Another derivative problem

**fattydq** · October 20th 2008, 02:30 PM

I have problems with finding derivatives using the definition of a derivative when there are square roots involved for some reason. I'm trying to find the derivative of 1/sqrt b and keep getting the same wrong answer, could someone set me straight about how to approach such a problem?

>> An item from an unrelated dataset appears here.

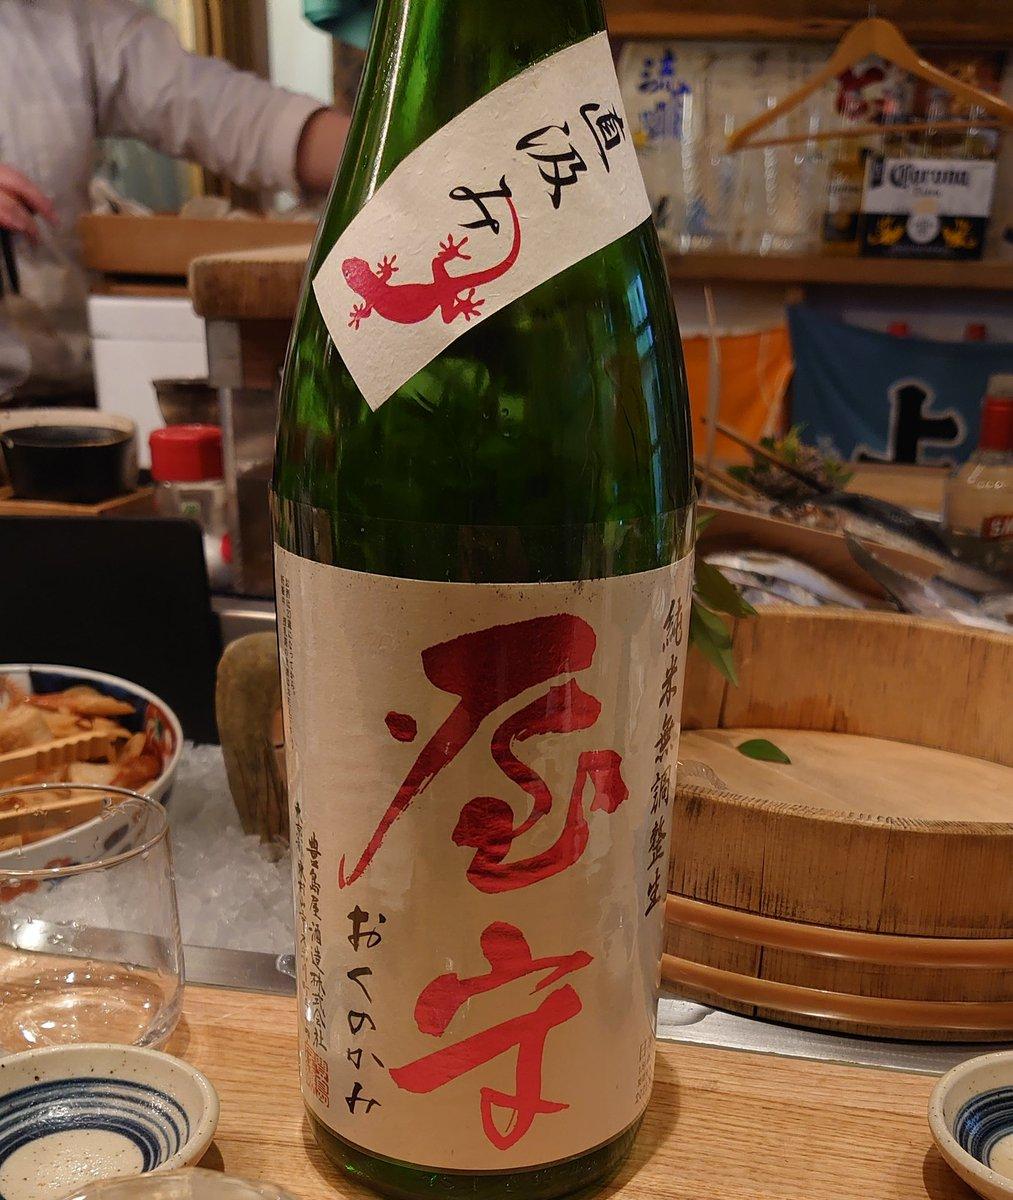 test ツイッターメディア - ソロ2軒目!日本酒注いでもらった☺️  うま、、、、屋守うまっ、、、、 東京の酒とは思えないよね、、、、、 https://t.co/vpSPwDgMWP

**Fire Mage** · October 22nd 2008, 05:46 PM

You would look at it like:

$f(b) = b^{-1/2}$

As a square root has an exponent of (1/2), and it being in the denominator makes it negative. From there, it's simple:

$f'(b) = -\frac{1}{2}b^{-3/2}$

or

$f'(b) = -\frac{1}{2\sqrt{b^3}}$

If you mean the limit definition, then:

$f'(b) = \frac{f(b+\Delta b)-f(\Delta b)}{\Delta b}$

as delta-b approaches 0.

&

$f(b) = b^{-1/2}$

so:

$f'(b) = \frac{(b+\Delta b)^{-1/2}-(\Delta b)^{-1/2}}{\Delta b}$

And then the (-1/2) exponents kind of lose me. Sorry. I feel dumb but I don't remember doing this.

**fattydq** · October 22nd 2008, 06:09 PM

thanks that actually cleared it up quite a bit for me.

**Fire Mage** · October 22nd 2008, 06:13 PM

Alright then!

I have no clue what to do there really, or at least I'm really tired.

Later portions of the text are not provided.